To be clear, the Court does not hold that the May 18, 2021 MRI findings or any subsequent treatment notes were necessarily significant, marked a departure from prior diagnoses or findings, or would have changed the agency consultants' opinions. It may well be that these records warrant no additional restrictions. But the Court declines to draw any assumptions as to whether or how medically complex imaging results and any corresponding diagnoses may bear on Plaintiff's functional limitations. The Court holds only that, given the May 2021 lumbar MRI's finding of severe loss of height of the intervertebral disc at ¶ 4-L5 (among other highly technical medical findings that may or may not reflect worsening of Plaintiff's spine), diagnoses of sacroiliac inflammation and pain post-dating the MRI, and indication that surgical intervention would likely be necessary, it is unclear whether the MRI and other records post-dating the agency consultants' opinions may have altered the landscape as to Plaintiff's functional limitations.

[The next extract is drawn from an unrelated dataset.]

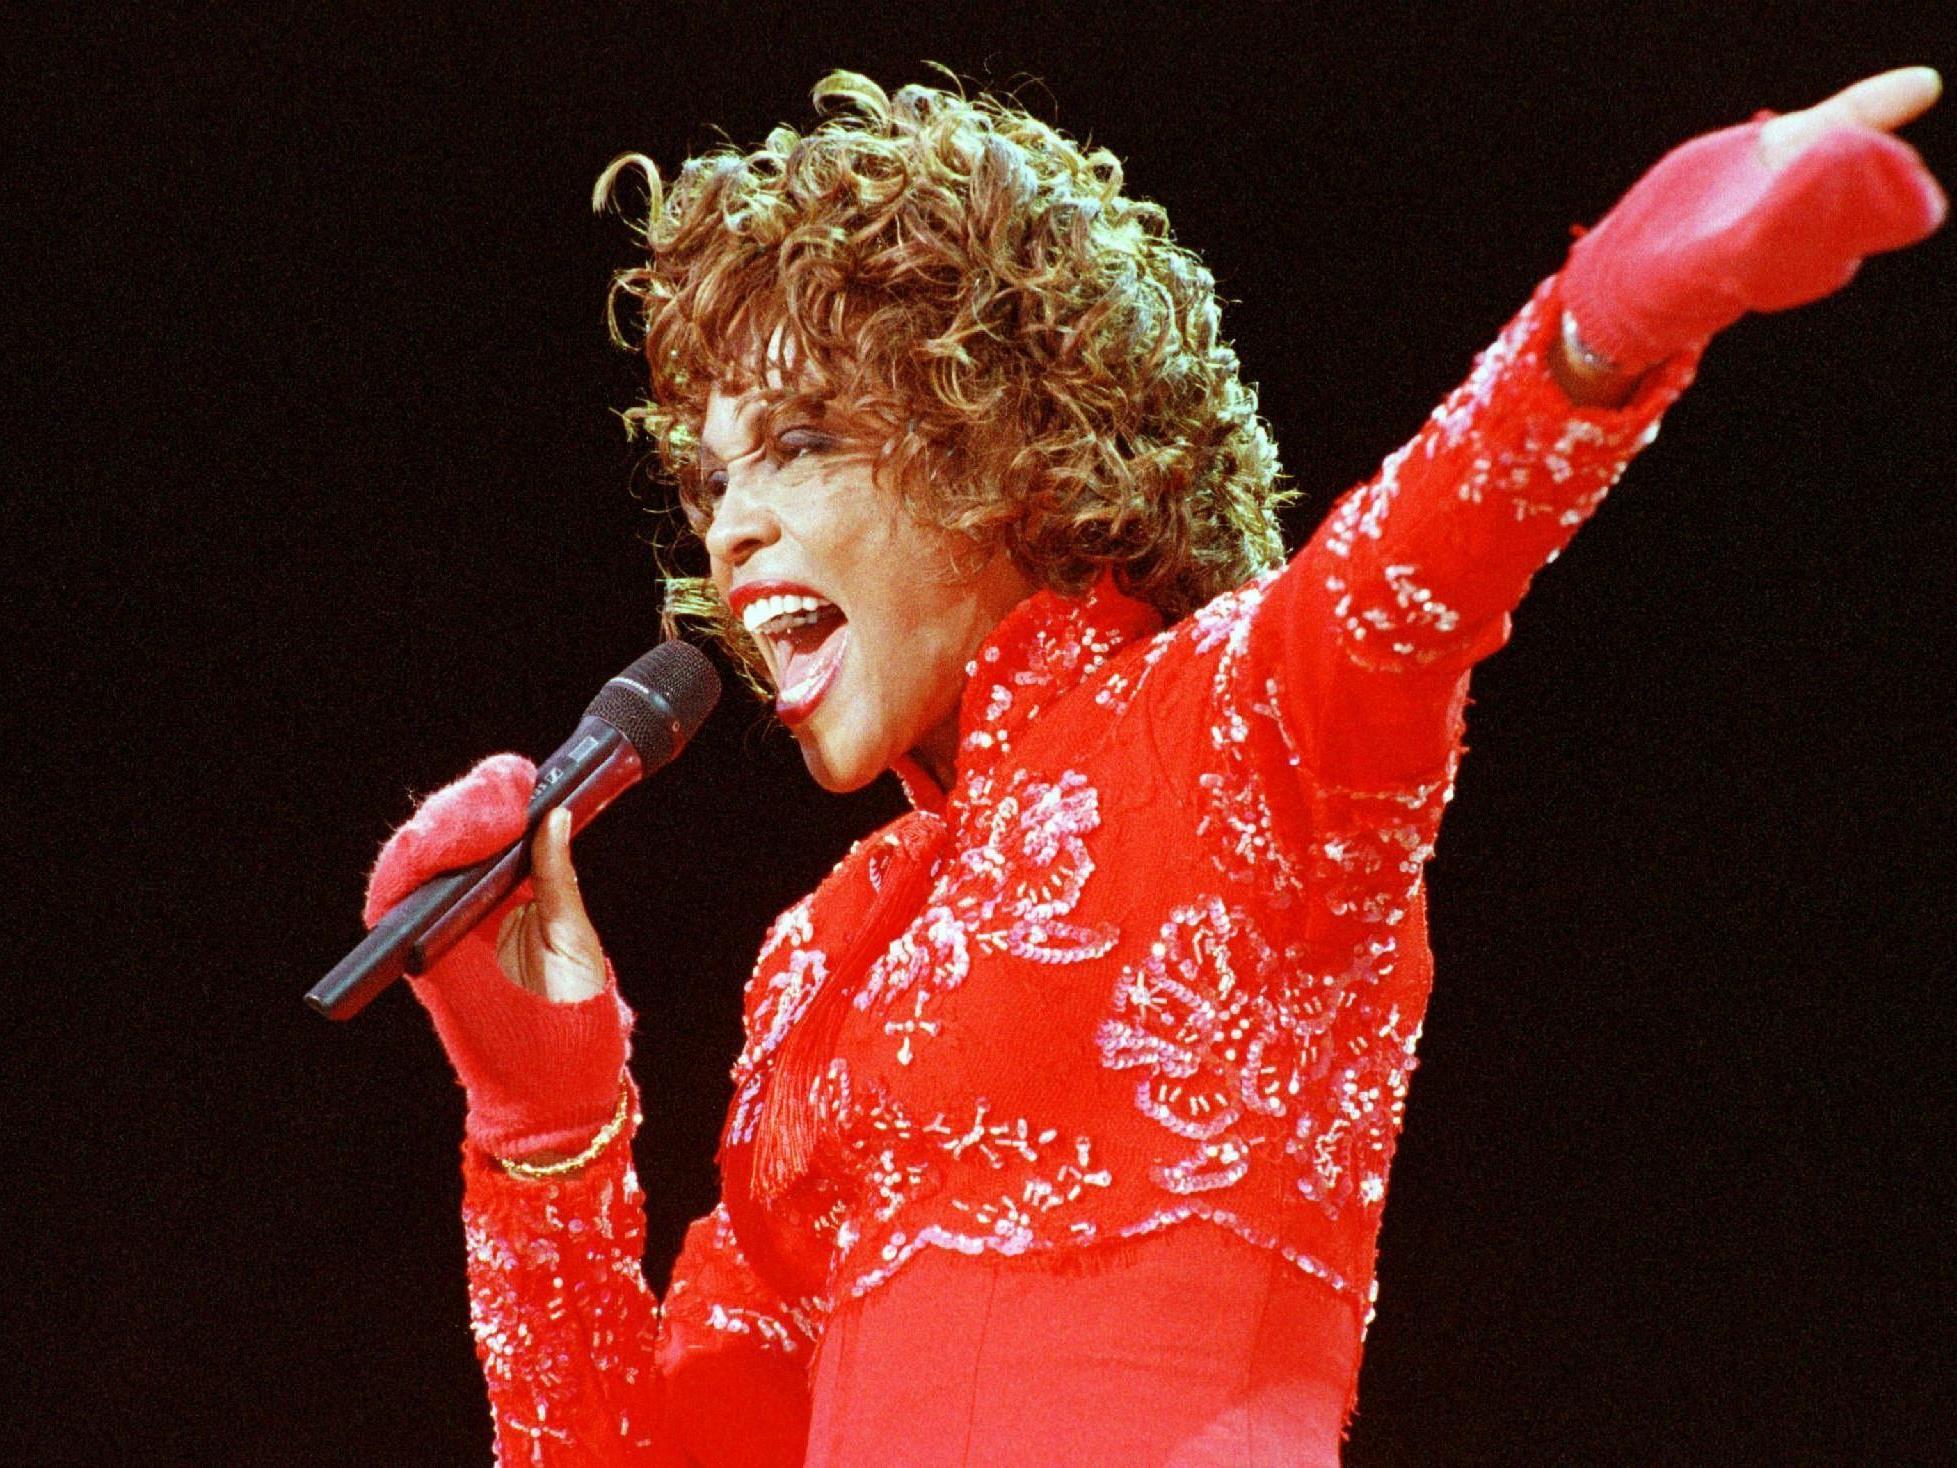 Zwei Songs der Popdiva Whitney Houston sind nun aufgetaucht.

In sum, despite the deference owed to the ALJ's subjective symptom determination, the Court finds that, given the above, the ALJ did not provide adequate support for her decision to reject Plaintiff's statements regarding the limiting effects of her neck and back conditions, or build a “logical bridge” between the evidence and this conclusion. Warnell, 97 F.4th at 1053. Moreover, the ALJ erred in interpreting the May 2021 lumbar MRI results without medical input and relying on that interpretation to determine Plaintiff's functional limitations. Randy M., 2022 WL 5183894, at *8; Brian M., 2023 WL 5852193, at *6; McHenry, 911 F.3d at 871. These errors preclude a finding that the decision is supported by substantial evidence, and Plaintiff's motion to remand the case is therefore granted.
2. Remaining Arguments
Having determined that remand is appropriate, the Court need not address Plaintiff's remaining arguments. However, the ALJ should take the opportunity on remand to review all medical and testimonial evidence as appropriate.
CONCLUSION
For reasons stated above, Plaintiff's request to reverse or remand the case is granted, and Defendant's Motion for Summary Judgment [12] is denied. Pursuant to sentence four of 42 U.S.C. § 405(g), the ALJ's decision is reversed, and this case is remanded to the Social Security Administration for further proceedings consistent with this opinion.